Sgt. Largent":34ugg2tj said:The data is out there, and it isn't good. Teams that break the bank giving their "elite" QB's huge extensions have't fared well after trying to piece together a SB caliber roster with their QB soaking up almost 20% of the cap.
Can you specify what this means? The data set is very limited on this and Matt Ryan was as close as can be to winning with a 16%+ cap hit. Do we think Atlanta blew that b/c they could have signed 1 more bench guy for 500k if Ryan had gone under 15%? I don't. Out of the divisional round playoff teams (top 8 teams) last year 4 spent over 12.9% on QB. ATL, MIN, NO and PIT. Did those 4 teams have teams good enough to contend? Because that should be the question not 'Did they win the SB?'. Limiting it to just the SB winner shrinks the data set too much to make any even halfway good causation analysis. Wilson for instance in the back end of his current contract only gets up to 13.5%. No crazy aberration as it relates to the % of high quality playoff teams.

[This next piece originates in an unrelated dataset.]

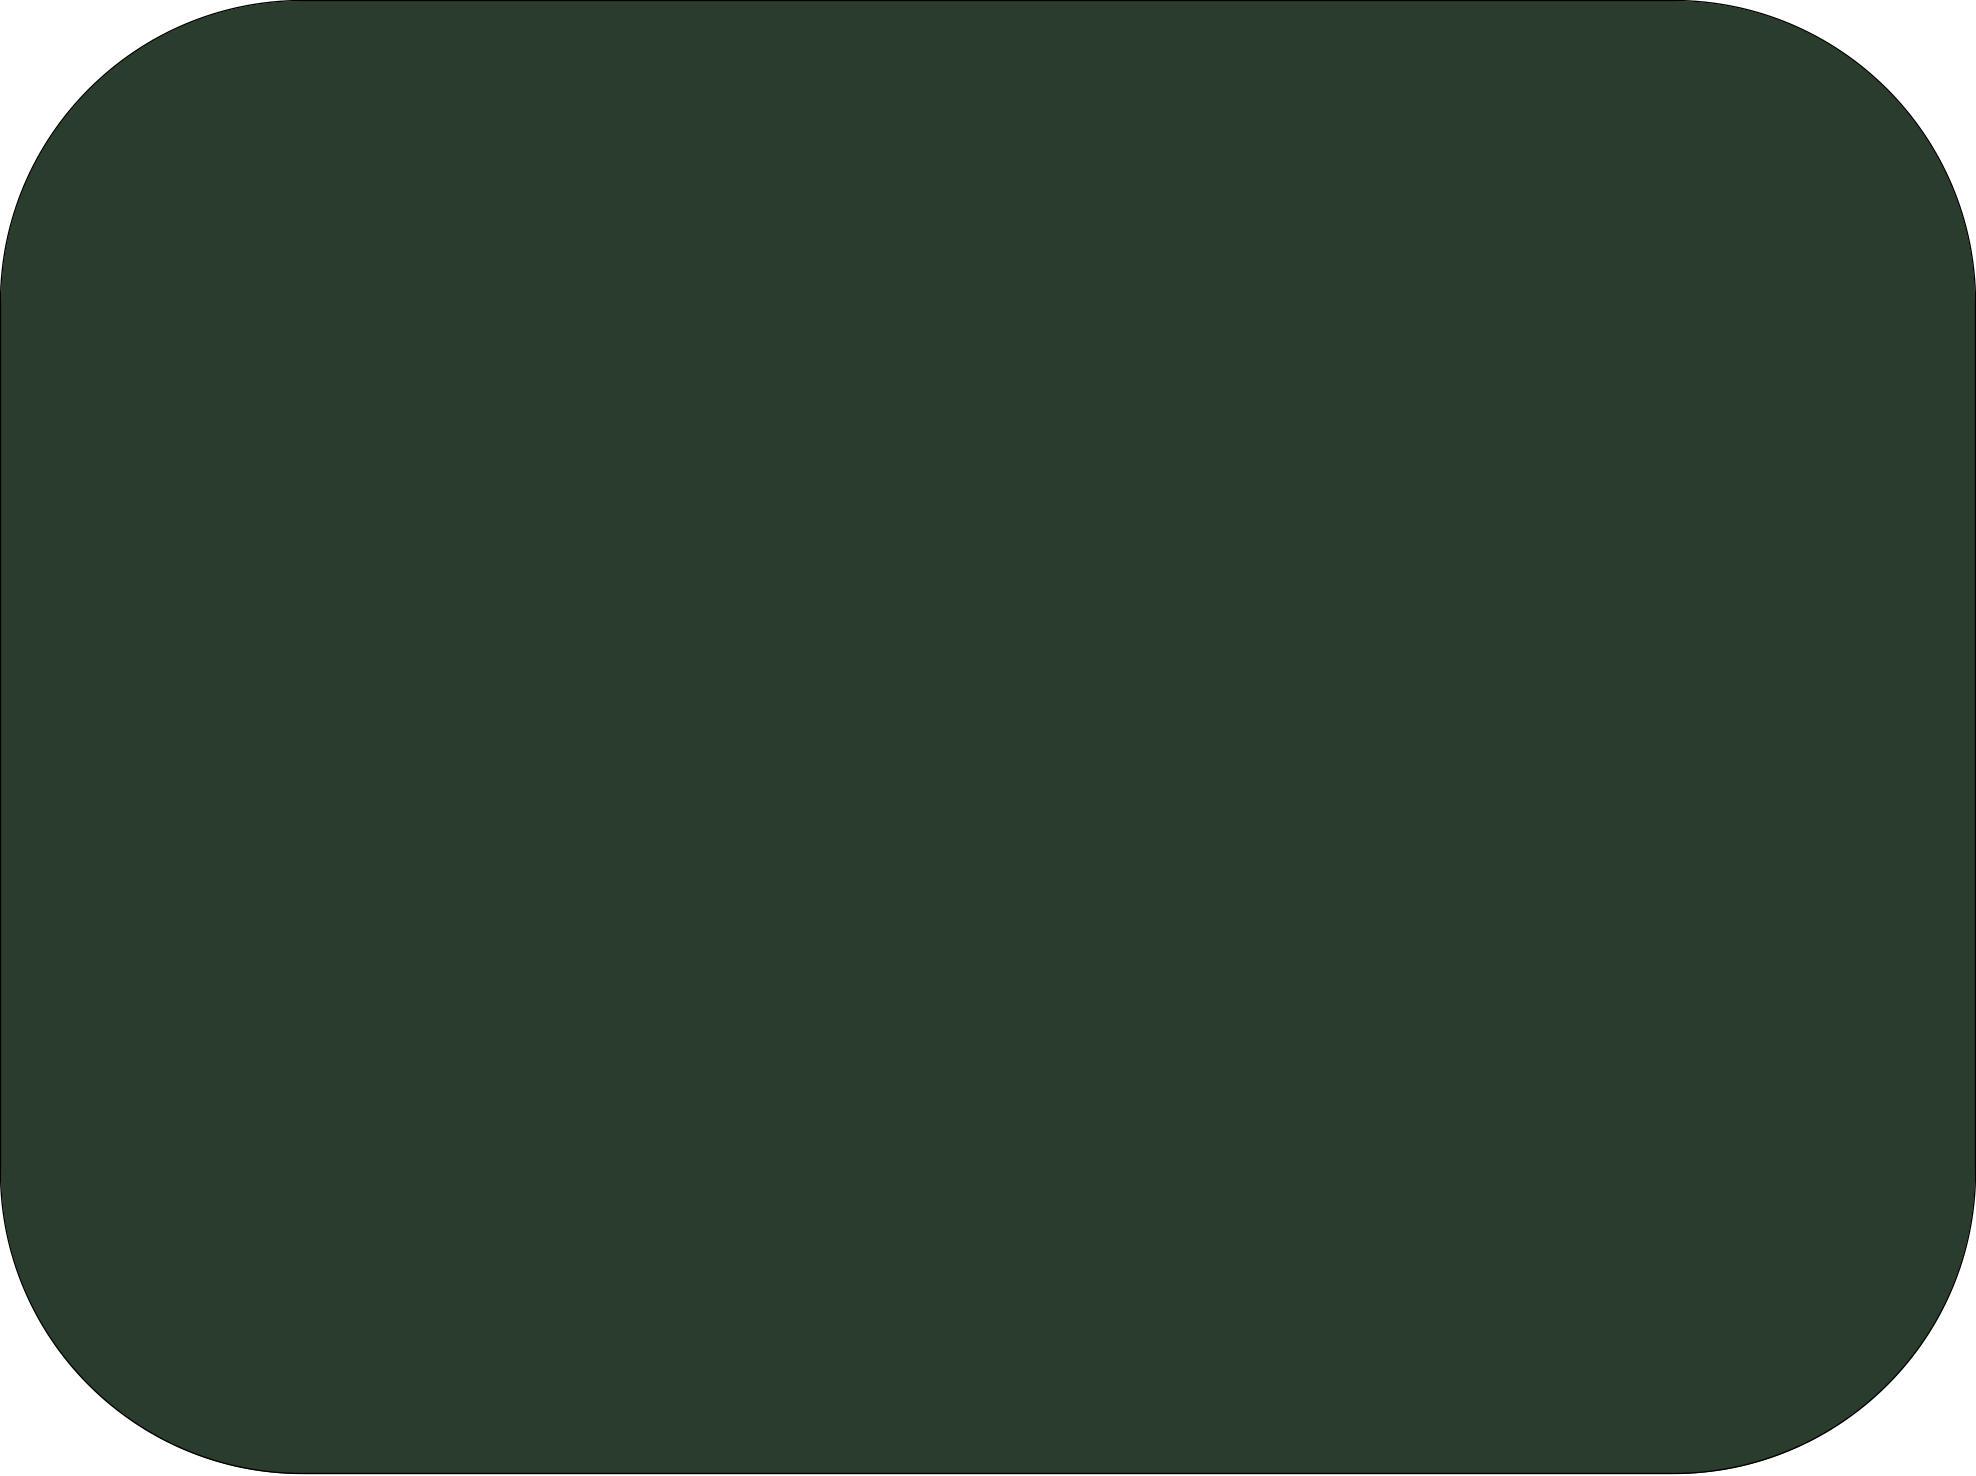 Marshmallow Fondant Flavor Jungle Green Color

The year before 6 of the top 8 teams had over 12.6% QB cap hits and ATL who were up 28-3 had the highest hit at 16.6%.
I'm not saying paying a QB big dollars doesn't hurt, but when you refer directly to "data" I just wish it was made more specific what you mean because it makes it sound real official but then didn't actually state what you meant or what the data was.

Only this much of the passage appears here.